This work out can be undertaken almost anywhere and consists of 10 basic exercises carried out for a specified period of time. The only equipment required is a timer /stopwatch. Alternative exercises/equipment can be substituted. |
Beginners: 20 – 30 minutes Intermediates: 35 – 60 minutes
Advanced: 60 – 85 minutes Start with some light stretching for 2 minutes and, if time and place allow, light cardio for 2-5 minutes before moving onto this workout. |
If you have not exercised for some considerable time this is a good place to start. Perform each exercise for 30 seconds before moving onto the next one and repeat until all 10 exercises have been completed. Muscle soreness may mean you are only able to complete this workout every 3-4 days, after several weeks you should able to do this every other day. The ultimate aim is to do this every day, covering 3 sets each workout, perhaps resting up to 2 minutes between sets. Squats.

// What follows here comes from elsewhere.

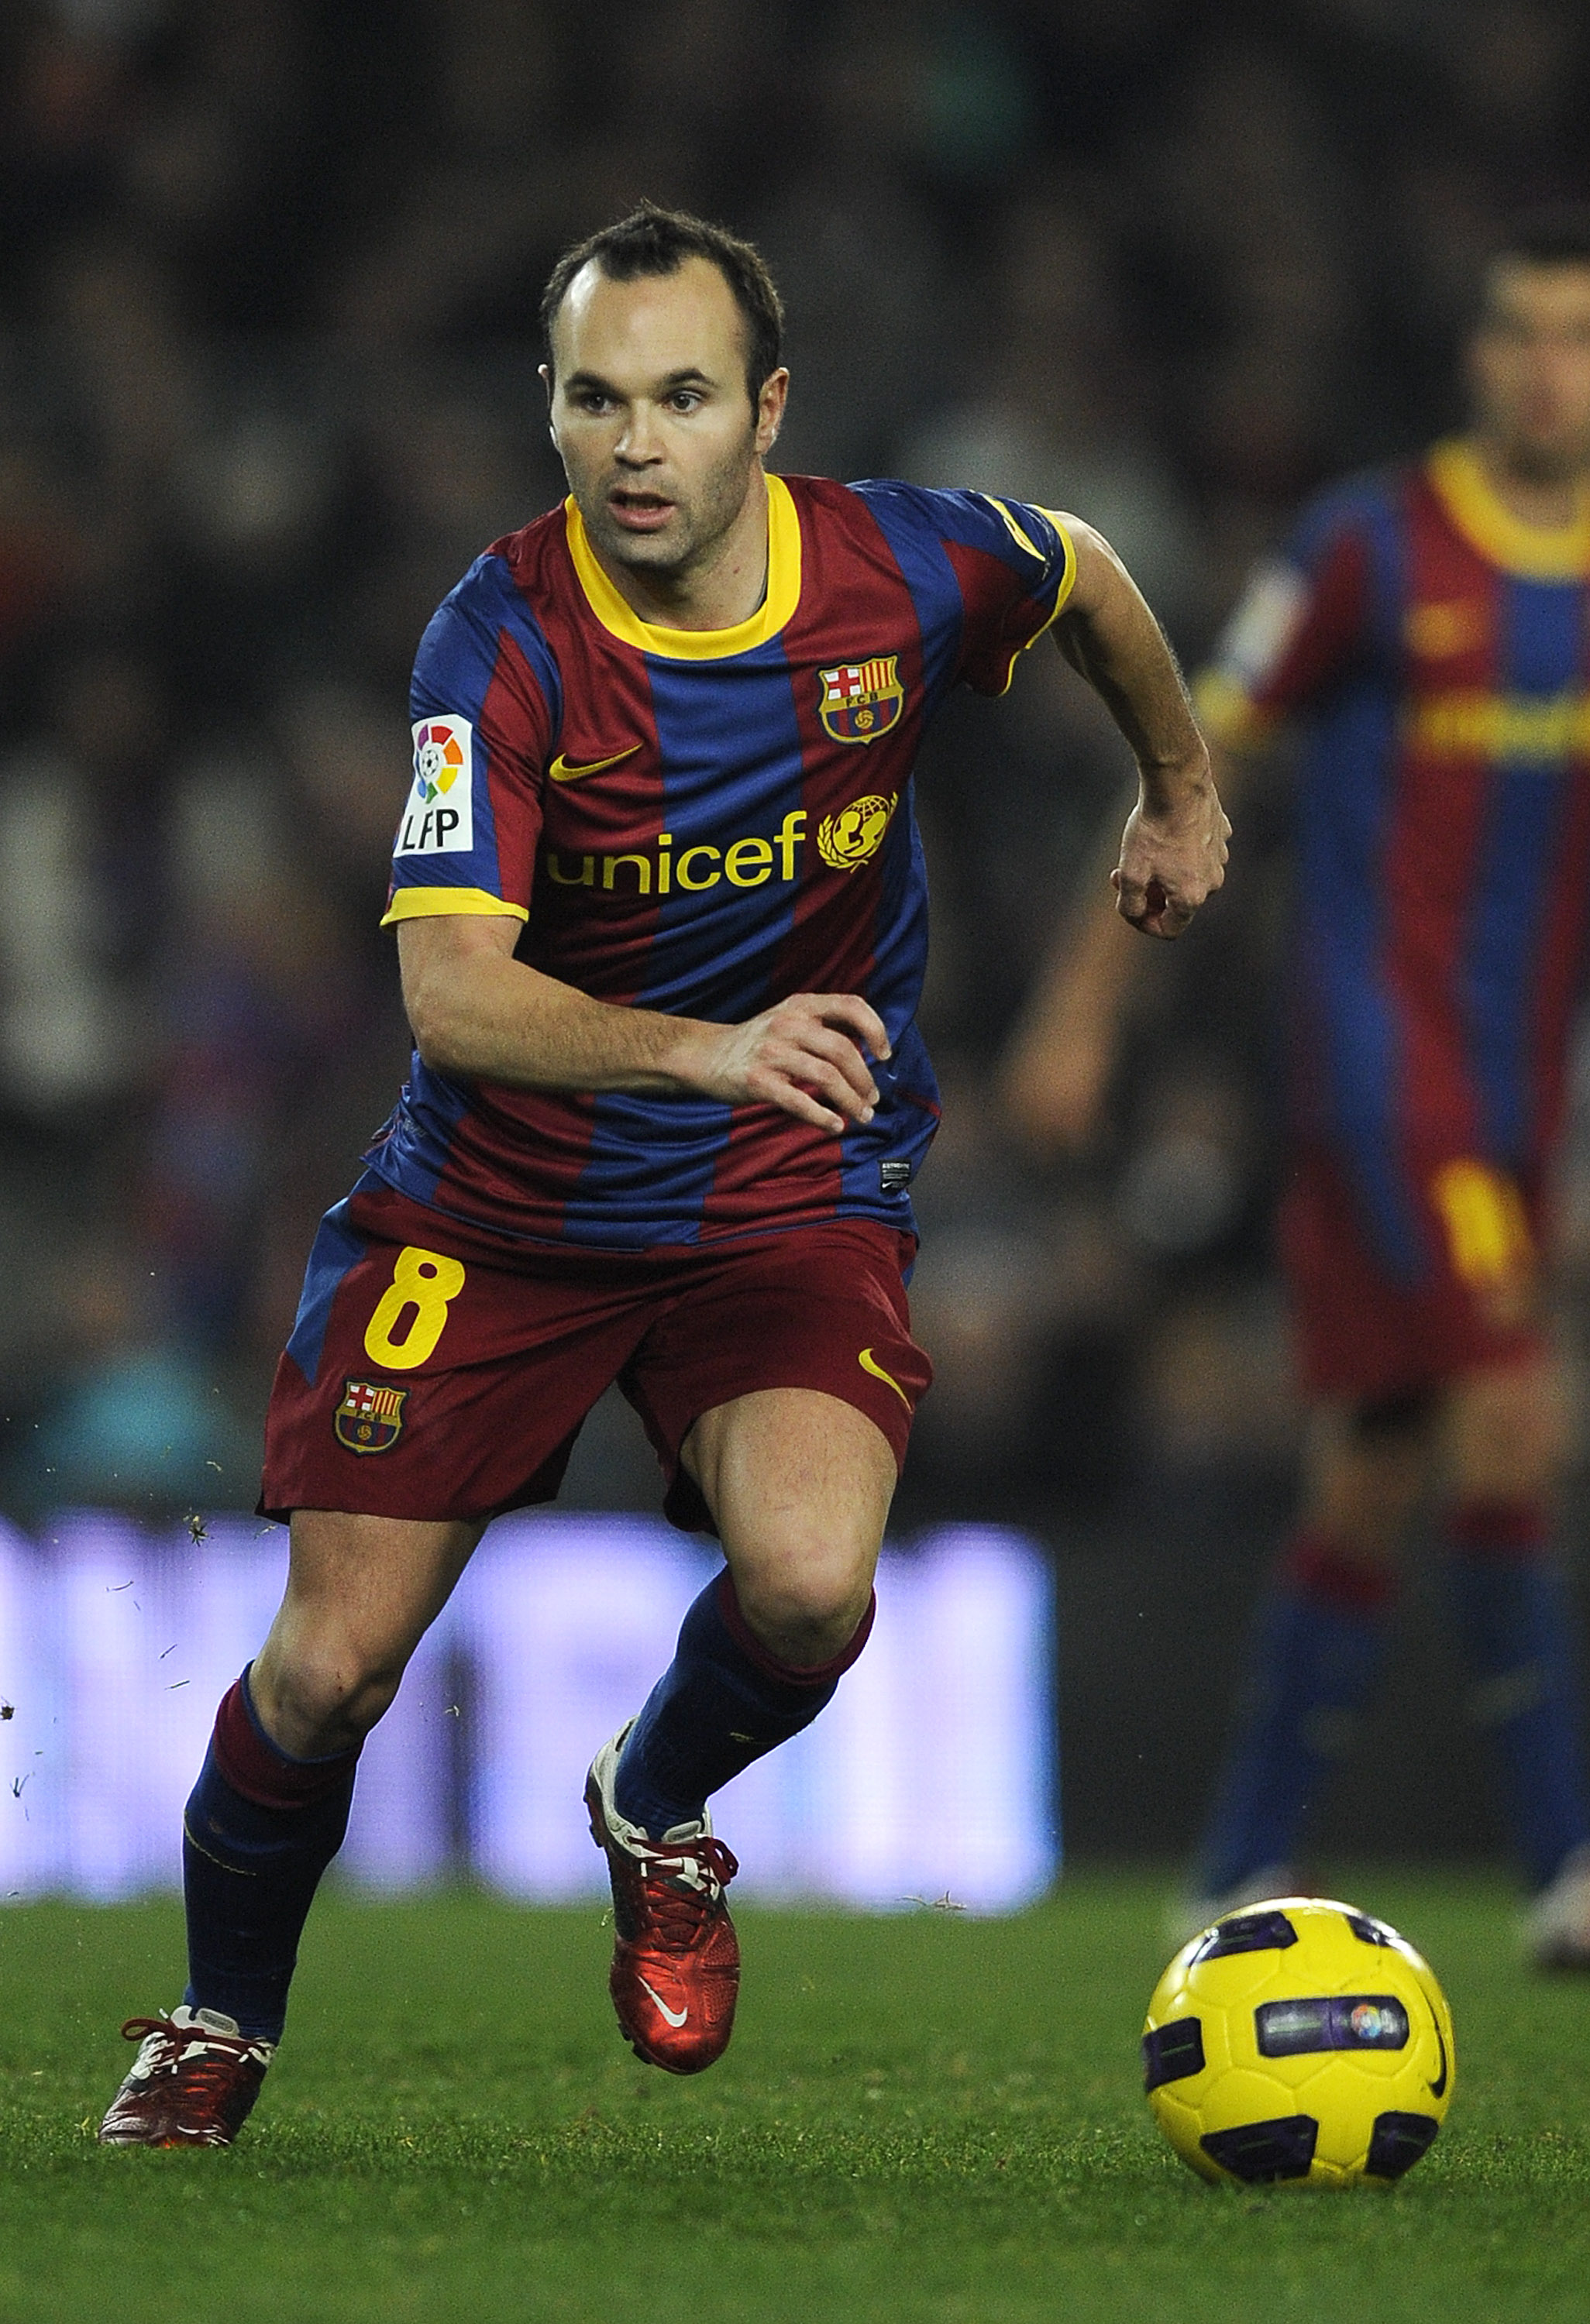 BARCELONA, SPAIN - JANUARY 02:  Andres Iniesta of Barcelona runs with the ball during the La Liga match between Barcelona and Levante UD at Camp Nou on January 2, 2011 in Barcelona, Spain. Barcelona won 2-1.  (Photo by David Ramos/Getty Images)

Sit Ups. Burpees. Push Ups. Steps Ups. Plank. Jumping Jacks. Tricep Dips. Lunges. Back Extensions. Finish with 10 minutes of light cardio followed by 2 minutes of stretching. |
If you have been exercising for a little while, this may be a good place for you to start. You should be able to this every day or every other day, perform each exercise for 45 seconds and be looking to cover 2-4 sets each workout, with up to 60 seconds rest between sets. For a few repetitions of each exercise you should be looking to do variations of that exercise, in order to add variety and build your strength in a different range of motion. Squats.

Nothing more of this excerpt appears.